** Opening Input data block **

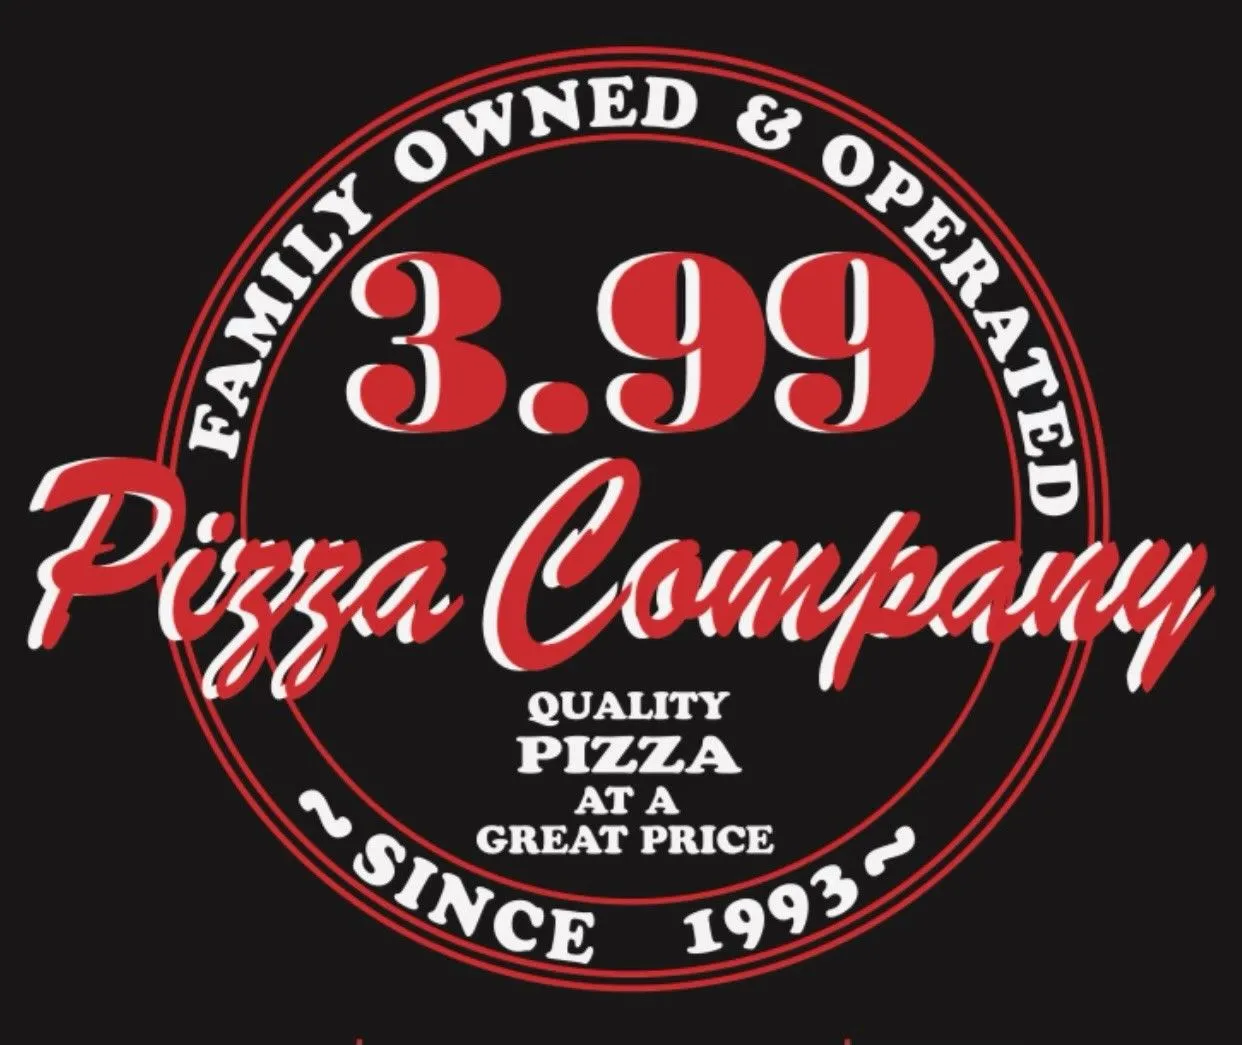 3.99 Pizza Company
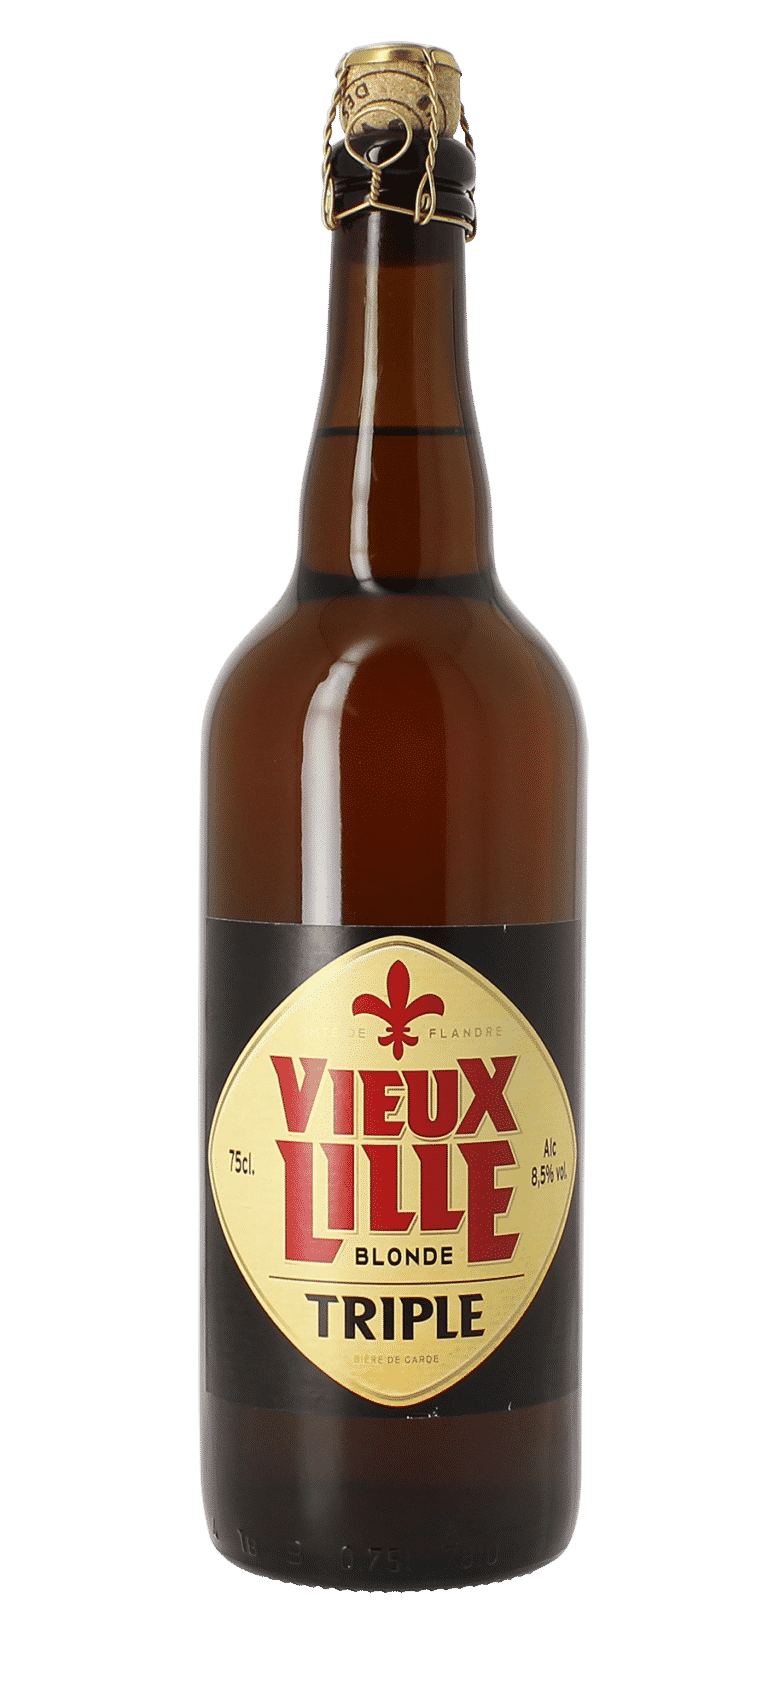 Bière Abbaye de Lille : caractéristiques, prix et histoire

** Closing Input data block **
** Opening Input data block **

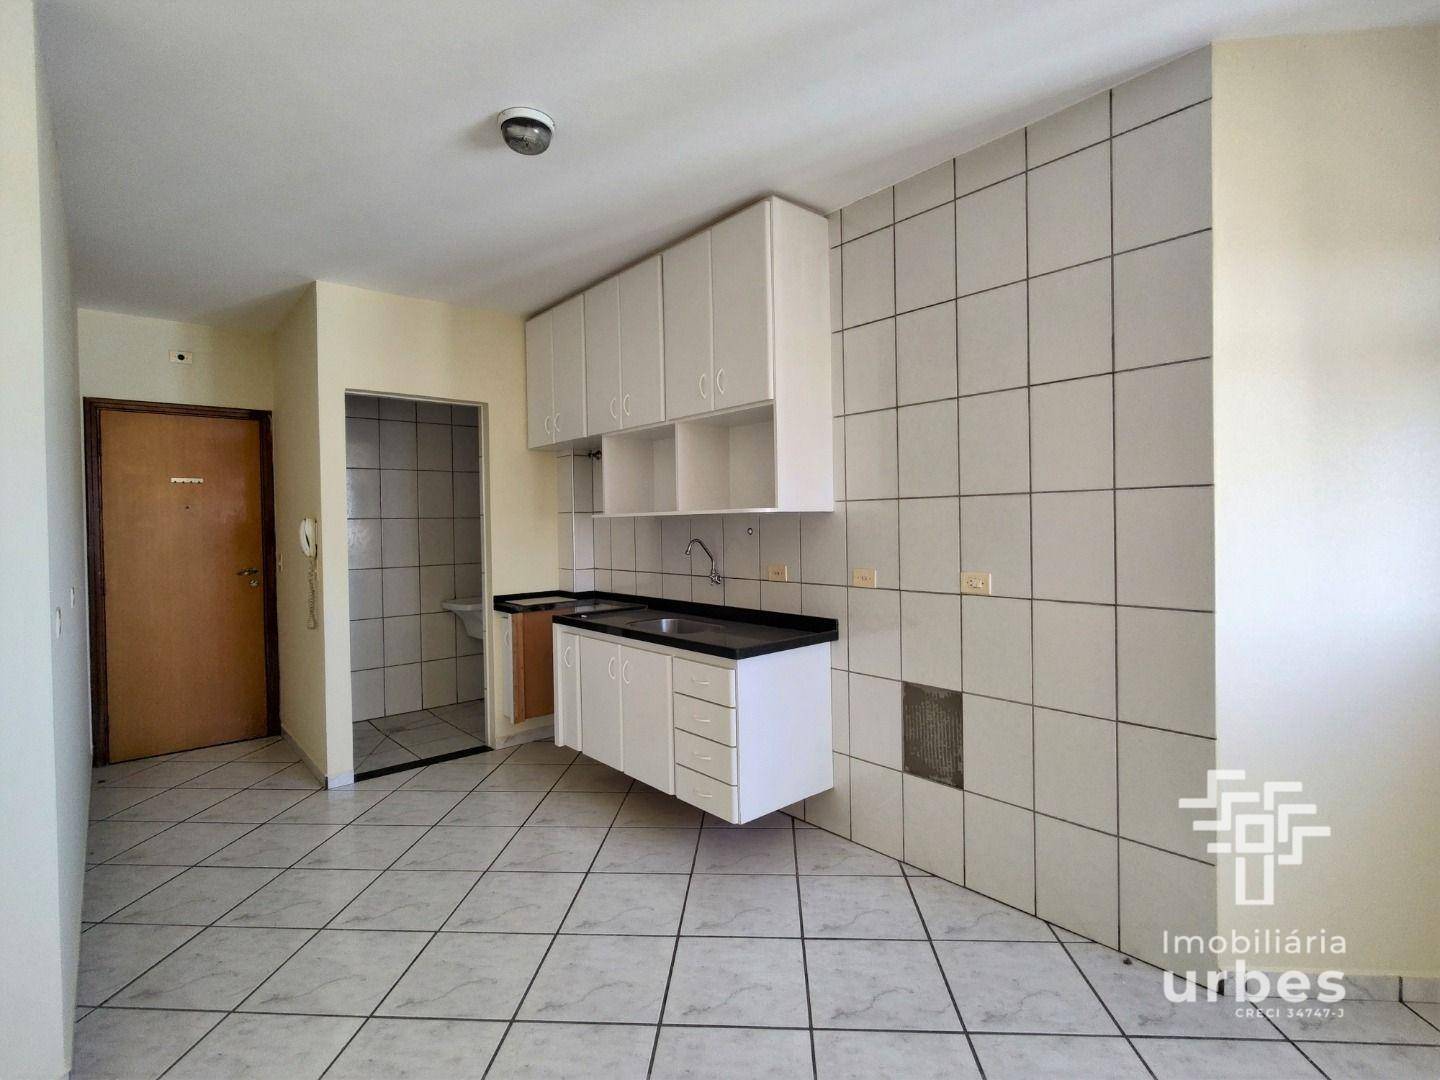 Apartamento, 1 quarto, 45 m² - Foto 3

** Closing Input data block **

_Problem description_
Copy exactly the lines of the entries above from the one containing "3.99 Pizza Company" through the one containing "Bière Abbaye de". Both end lines count; pictures do not.

_Exercise result_
 3.99 Pizza Company
 Bière Abbaye de Lille : caractéristiques, prix et histoire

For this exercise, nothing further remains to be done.